KIND Legal Intern Learns from KIND Lawyers

September 25, 2023

Read KIND’s intern, Caroline Abramovici, on her journey through law school, her invaluable summer at KIND, and her unwavering commitment to social justice through immigration law.

I am entering my fourth year at Emory Law school this fall and I knew coming into law school that I wanted to be an immigration attorney. I’m originally from South Florida, and my mom is from Ecuador. Growing up I witnessed first-hand how confusing and frustrating the immigration system can be for non-citizens, especially when you don’t have someone to help guide you through it. Throughout law school I have interned and worked with a number of public interest organizations and fell in love with law as a tool for social justice.  
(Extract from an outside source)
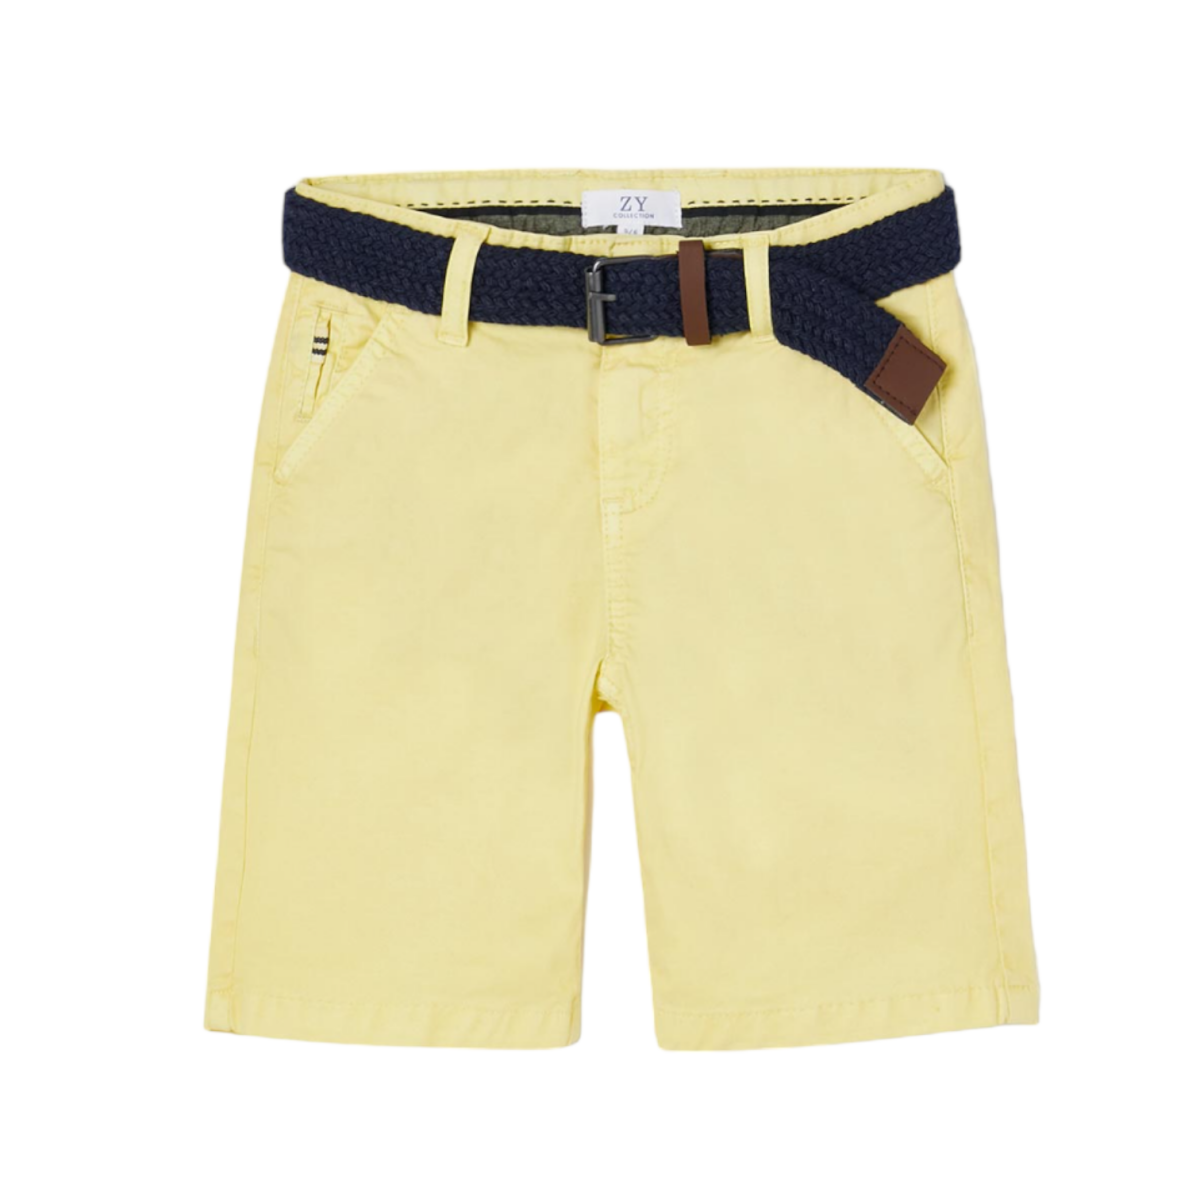 https://koalavila.com/6913-superlarge_default/pantalon-corto-para-nino-en-color-amarillo-con-cinturon-azul-marino.jpg

I spent my summer at KIND gaining a better understanding of immigration law and the different forms of relief available to immigrants. Going to a law firm and watching KIND attorneys present to pro bono attorneys about the children we help and breaking down the relevant law to them was one way that I started to understand how to tackle a case. Immigration law, with all its acronyms and agencies, can be confusing. But the KIND attorneys who I shadowed broke down the process of common forms of immigration relief and the different players in a seamless way that was easy to understand. KIND attorneys present this complicated area of the law in a skillful, visual way that helps the information be manageable.  

My favorite assignments this summer involved talking to clients and getting to know them better. When conducting a client intake, I asked children about their lives in their home countries and what they hope for their futures. These are personal questions that sometimes involve clients sharing traumatic or upsetting situations. Creating a rapport with them and ensuring the clients are comfortable was important to me and something that KIND attorneys modeled. I loved starting an intake with a child who was shy and quiet, and witnessing how they became more comfortable as we talked and got to know one another better. I underestimated how hard it could be to get a child to open up and speak about their experience, but the paralegals and attorneys at KIND taught me how to help a child feel at ease when speaking about uncomfortable situations. Using toys and telling children they can take breaks if the topic of discussion is overwhelming are great ways to allow a child to feel more comfortable.  

The immigration system can be daunting, especially for people who don’t speak English. For young children it’s even more confusing to understand the complexities of their immigration cases. KIND’s work is essential because we help the most vulnerable population: children who are alone. There are already enough barriers present in immigration court; not having legal representation because of financial struggles should not be one of them. I’m grateful for KIND’s effort to ensure that as many kids as possible have access to quality legal representation in immigration court.